RECESS January 2012

I went to RECESS yesterday in NYC. It is just about the longest trip I will make for a single day of gaming fun. And a lot of fun it was.

First, I played Lady Blackbird. I had never played before, so it was interesting to see the New Hotness of 2009 in action. It was interesting, and once I figured out how to play my character, it was good. I wound up with Kale, the sneaky mechanic, and I suck at playing sneaky characters. Plus, the dice hate me, as usual. Twice I rolled eight dice or more and got only a single success. I can see why people love this game. It’s like licking the spatula covered with cake frosting: pure confectionary sweetness. The simplicity of straight forwardness of character advancement is great. But that fact that there is really nothing else to the game besides character advancement left it feeling a bit hollow to me.

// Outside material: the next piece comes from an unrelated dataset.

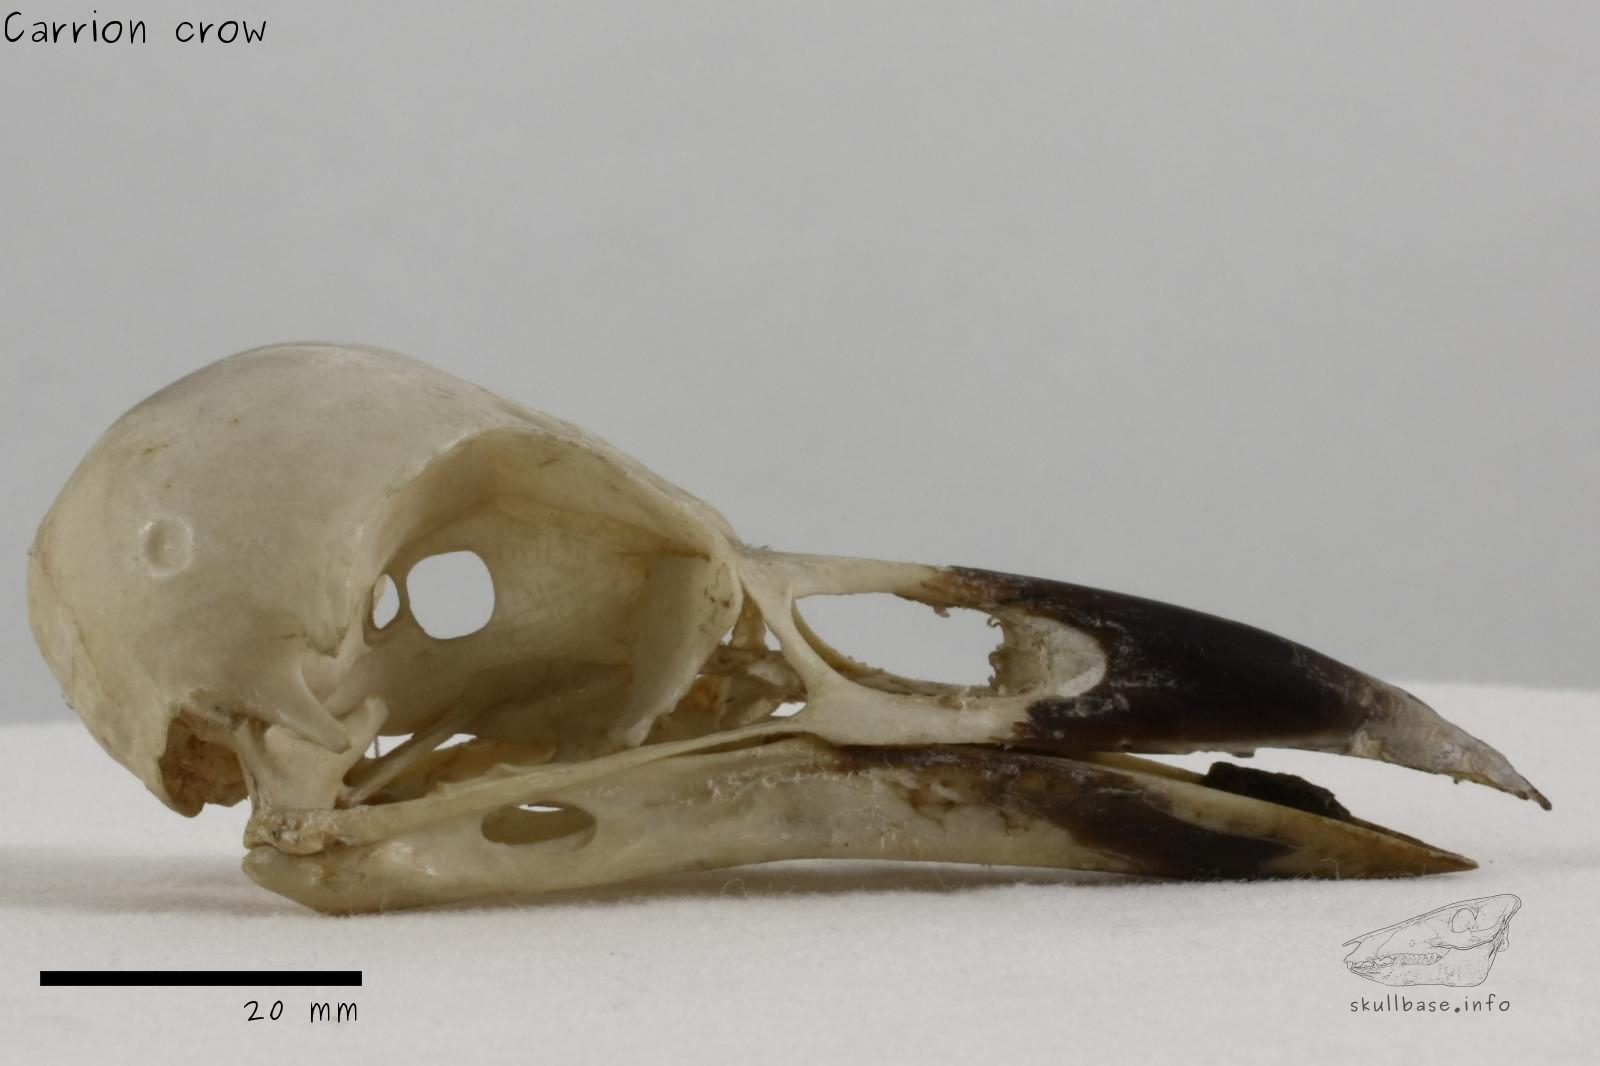 Carrion crow (Corvus corone) skull lateral view
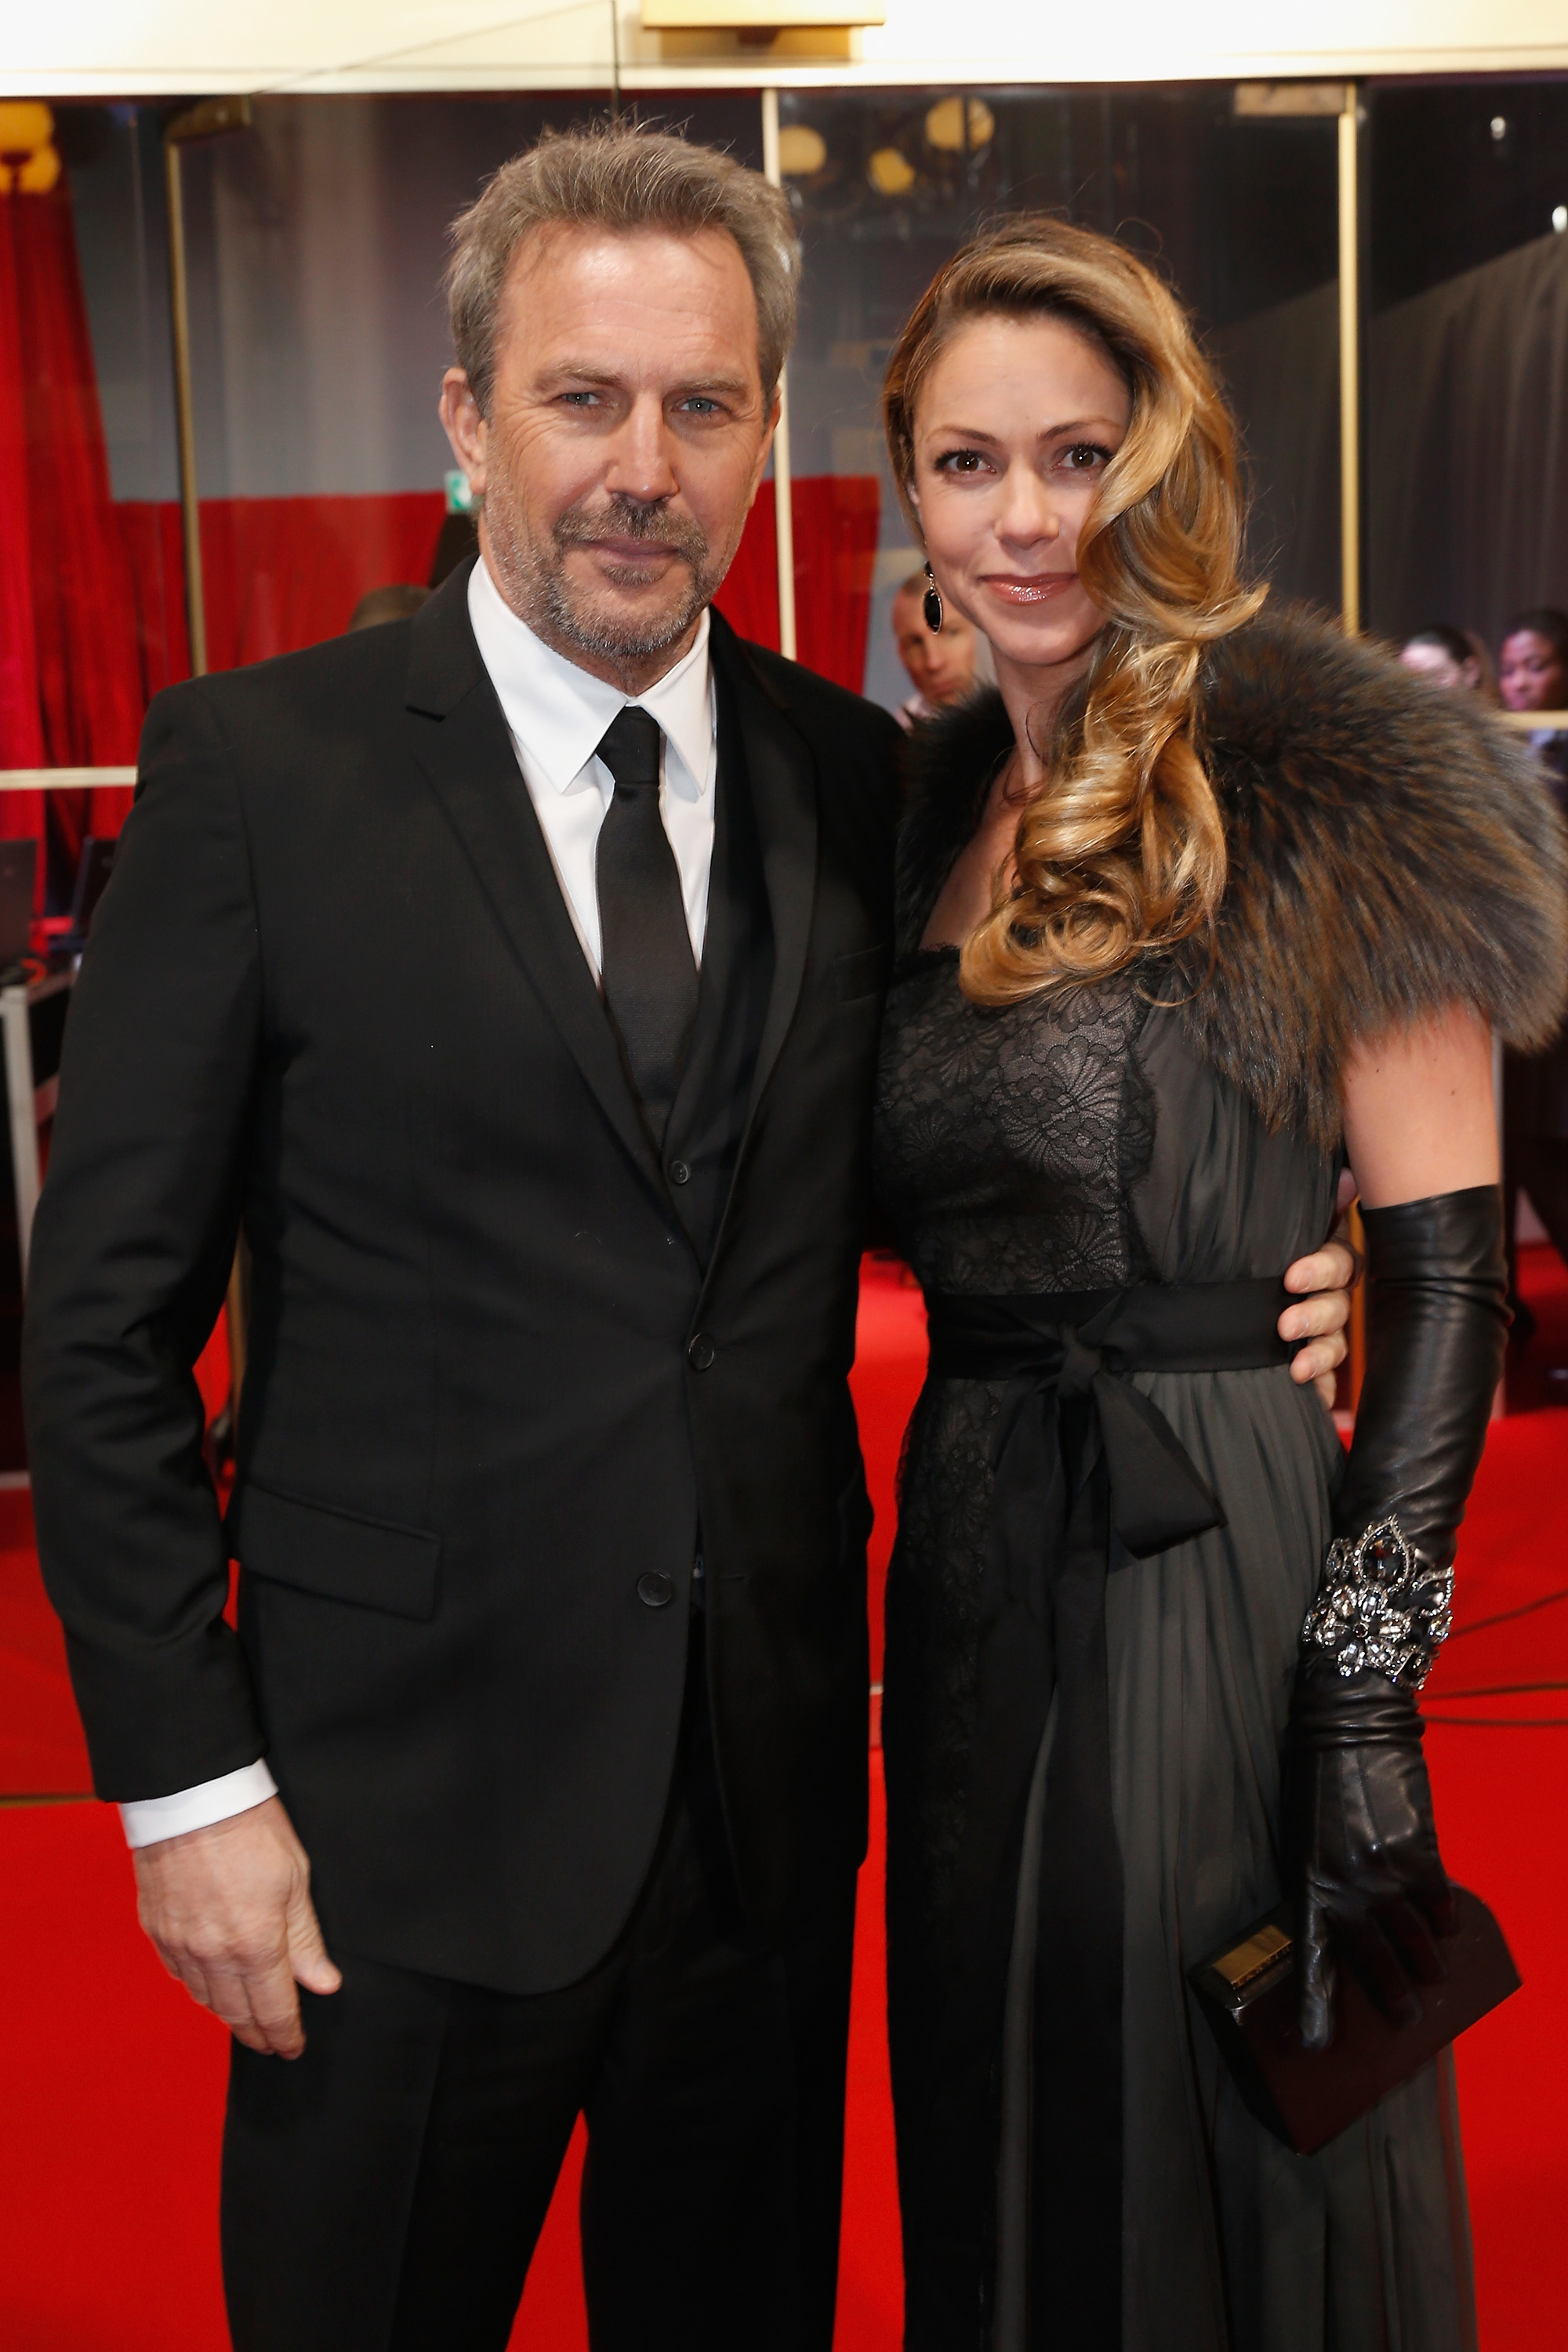 Kevin Costner and his wife Christine at the Cesar Film Awards on February 22, 2013, in Paris, France | Source: Getty Images

After my trivia team lost badly, I played Steal Away Jordan. I had never played before, and the setting was not the traditional pre-Civil War American south. It was late seventeenth century Brazil, a period I had known nothing about. We played rebel slaves who had set up our own strongholds in the Amazon rain forest, faced with the arrival of a Portuguese military force intent on wiping us out. It was an interesting setup.

We had King Zumbi, the warlike leader of the rebels. We had a martial artist possessed by his god. We had a young man bought and sold for his beauty, ready to throw away his life for a chance to kill one of his oppressors. We had a young girl gifted in the ways of magic. And I played a spy on the plantation, with regrets about a man he had killed to try to win a woman’s heart. Oh, and I could turn into a panther. The game ended up with a big fight scene where we routed the Portuguese and saved the day!

The game mechanics were also interesting. The way the dice work, it’s more likely that you’ll wide up with negative numbers than positive ones. So we had a number of conflicts where one side ended up with negative five and the other side had negative three. While, mathematically it doesn’t matter, it also imbues a sense of powerlessness into the game. You fight and you struggle and you make preparations and you get … a negative three! I didn’t get to chat with Julia after the game, but I imagine that was a deliberate design decision.

Also, the way that the dice combine made help interesting. In essence, you roll a bunch of d6s. Every single 1 you roll is worth -1. Every pair of “Lucky Sevens” you roll is worth +1. A “Lucky Seven” is a pair of either 5 +2 or 3+4. 6s count for nothing, and after you pull out all your scoring dice, you must take one more reroll of your non-scoring dice.

If you were really looking at succeeding, you probably didn’t want help, since every roll is more likely to come out negative rather than positive. Your helpers are more likely to drag you down. This morning, my game designer brain is chewing over the possibilities. I kinda want to explore the possibilities that you can trade individual dice with your helpers. So, if I’m left with some 4s that I don’t have any 3s to match them with, I want to be able to take a 3 from my helper and give him a 1 in exchange. If our totals don’t add, but we each suffer our own consequences, this would produce higher numbers and choosing to give someone help would have a lot more dramatic weight to it.

Of course, I’d want the whole question of who helps whom to be decided by the bargains that took place in earlier scenes. So, if I agree to be your helper in task X, in exchange for you being my helper in task Y, then I know that task X is going to be painful for me. But I also know that I have a better chance of success on task Y. I’d also have something about if you are subservient to another, you have to take their trades. To refuse to do so is an act of revolt and dangerous.

I’m not sure if it was the unfamiliar historical setting, or the action movie aesthetic that the GM was going for, or the rushed nature of a convention game, but I didn’t feel like there was much danger in the game, as much as arbitrariness. Which was likely another deliberate design choice. It’s an interesting game. I think I’ll order a copy.

Thanks to all for making RECESS a great day of fun!